For my part, I believe President Trump is to some extent morally culpable for the deaths of the passengers on that plane. I believe this because he’s responsible for the primary act of escalation — withdrawing from the Iran nuclear deal and imposing sanctions — and for multiple acts in the recent chain of escalation that led to Iran shooting down Flight 752. Even if Iran initiated this recent sequence, Trump made choices that heightened tensions, which made fatal accidents more likely.
And it was reasonably foreseeable that killing Soleimani and threatening Iran afterwards could lead Iran to fear American airstrikes on its territory, potentially leading to air-defense errors.
It doesn’t matter if Iran fired on the plane intentionally or by mistake. It doesn’t matter whether, from the Iranians’ point of view, this ought to have happened. What matters is that, from the American point of view, it quite plausibly could have. Presidents, presidential advisers, and military commanders have a moral responsibility to consider plausible outcomes.
Consequences
Discussions of moral culpability for downstream incidents are further complicated by the question of consequences. Let’s say Trump bears some responsibility for the deaths of the airline passengers. Okay, but responsibility such that what? Should he be imprisoned? Removed from office? Censured? Disliked incrementally more than he already is? Tweeted at angrily? How should we make Trump’s culpability manifest?
When the consequences are left undefined, people’s minds fill with phantoms. One side assumes that finding Trump morally culpable means their political opponents want him buried under the Hague; the other side assumes arguing that Trump isn’t morally culpable means their political opponents don’t care about the dead passengers. Because both these arguments are offensive, everyone takes offense, and the conversation fills with invective.

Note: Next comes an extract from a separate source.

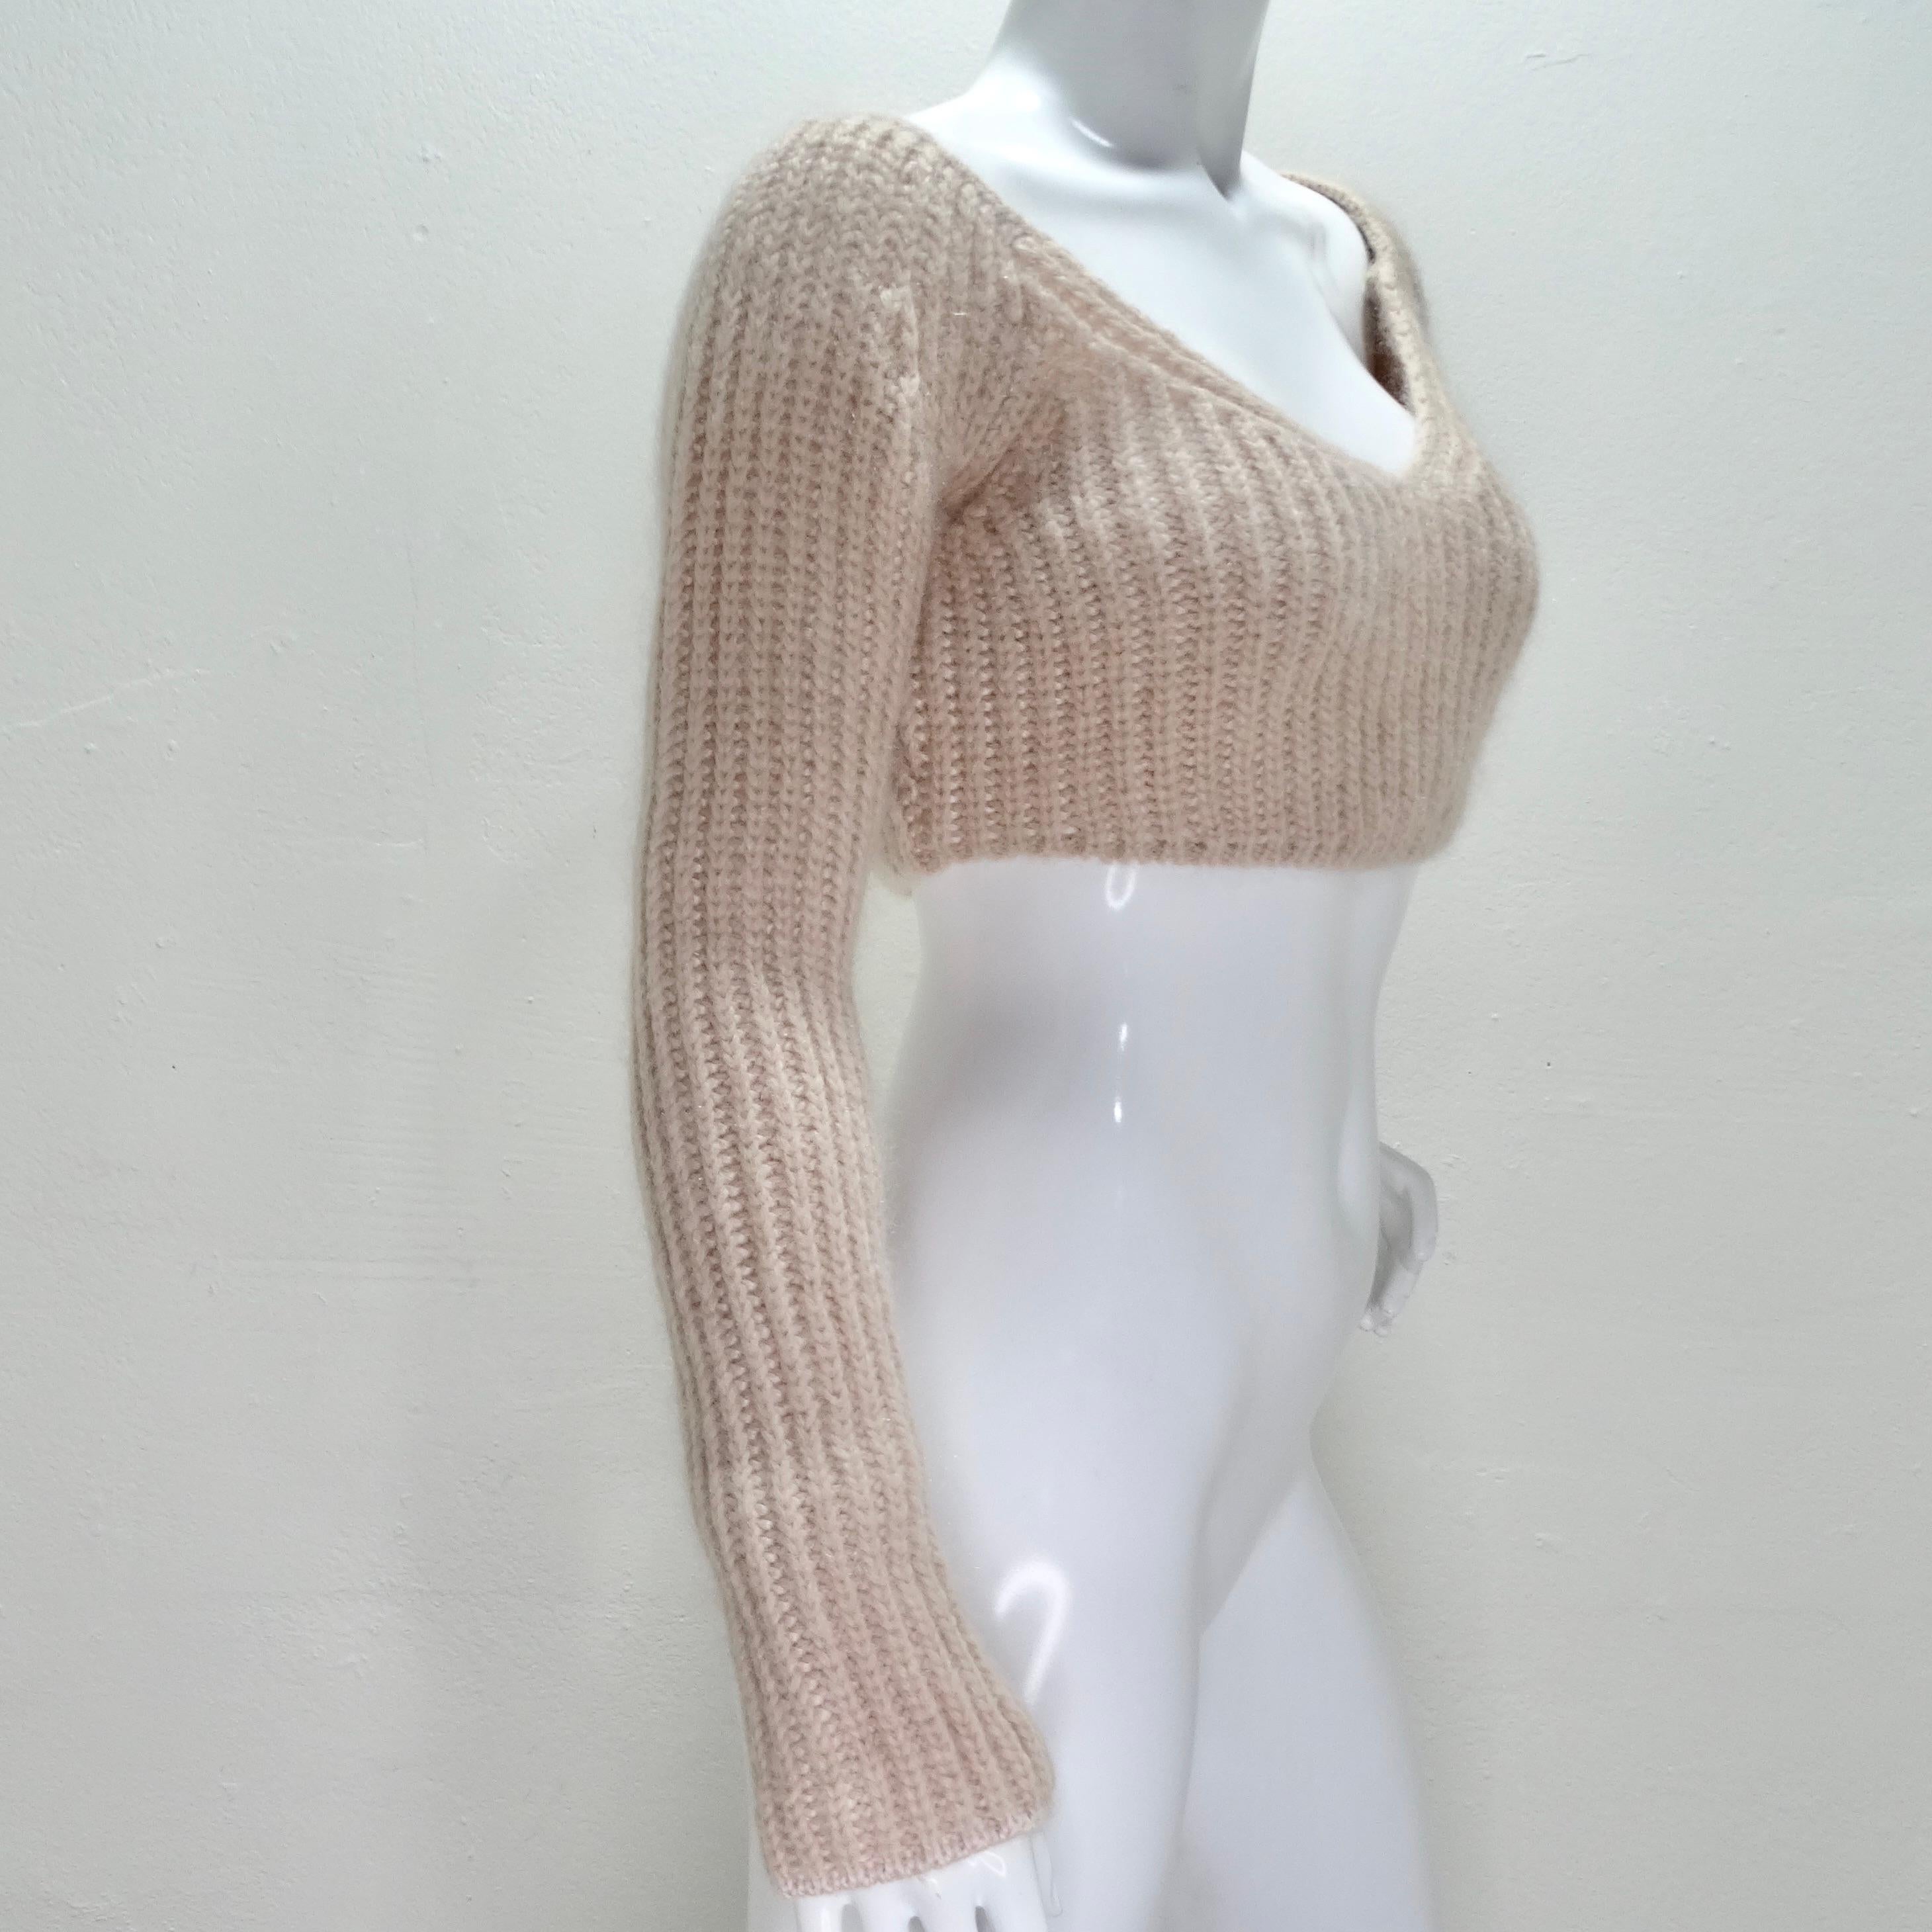 Fendi Blush Pink Cashmere Cropped Sweater In Excellent Condition For Sale In Scottsdale, AZ
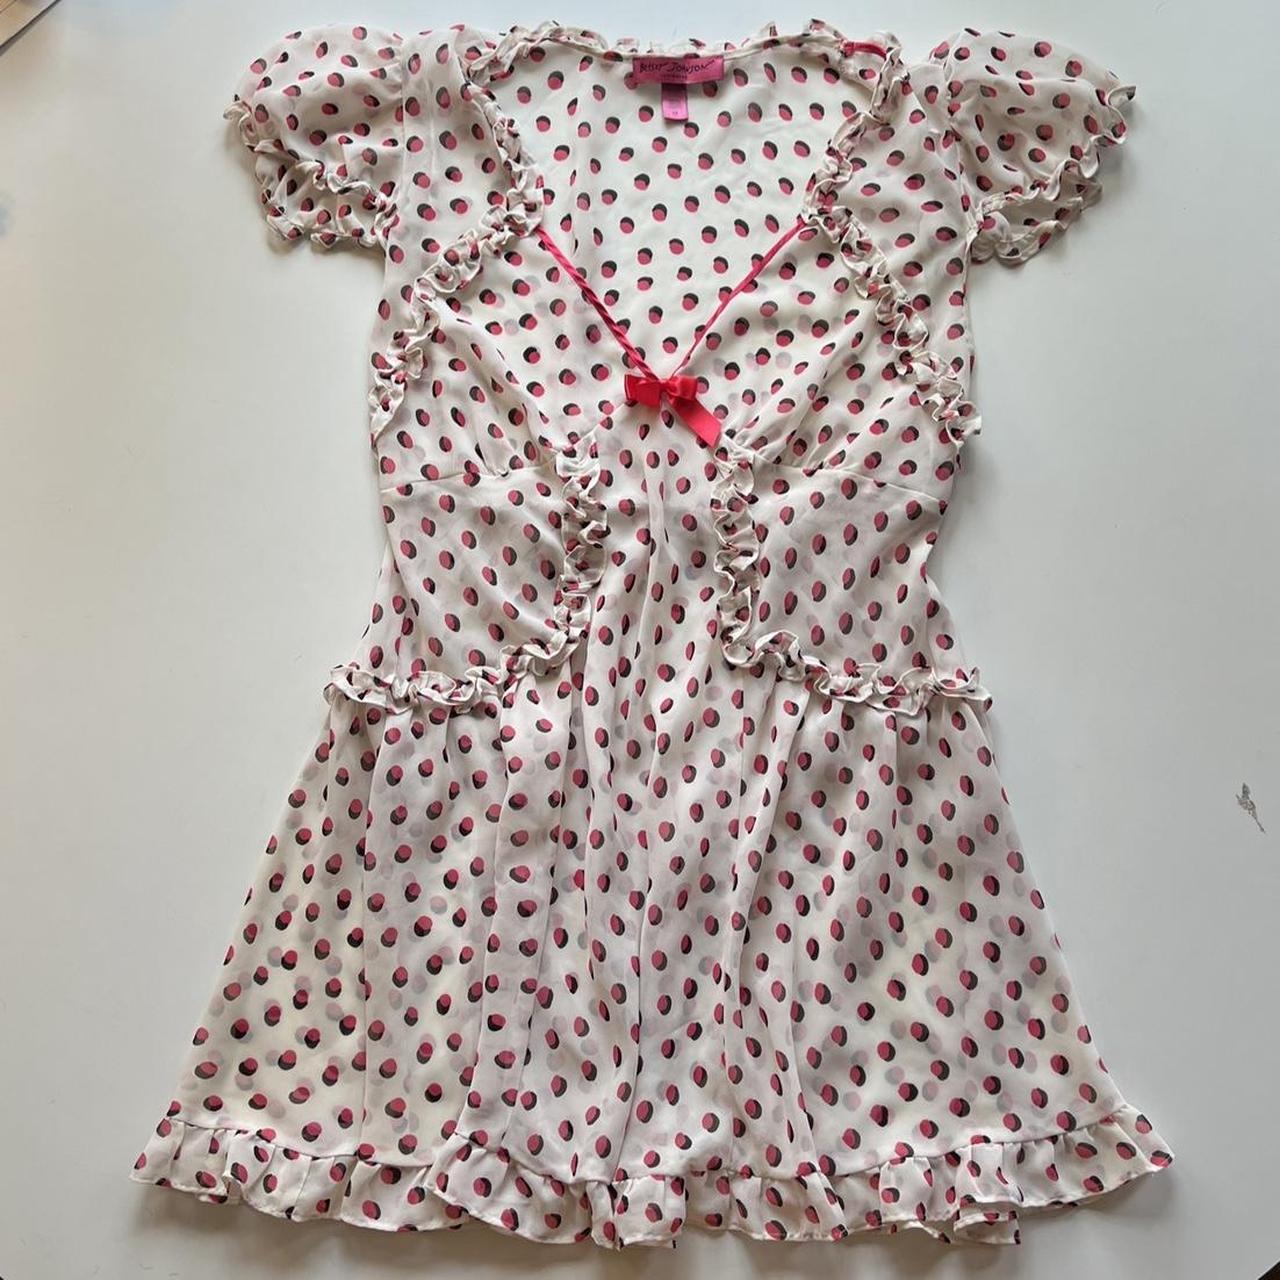 ISO betsey johnson fruit dress willing to pay - Depop

Since I’m assigning Trump some moral culpability for many civilian deaths, am I demanding he be dragged off to the Netherlands in handcuffs? Nope. That’s not how the magical foreign policy ledger works.
As horrifying as it is to contemplate, as much as we might feel complicit in the monstrous distillation of human beings to figures in a ledger, Trump’s moral culpability for the deaths of the 176 passengers on Ukraine International Airlines Flight 752 merits nothing but our redoubled opposition.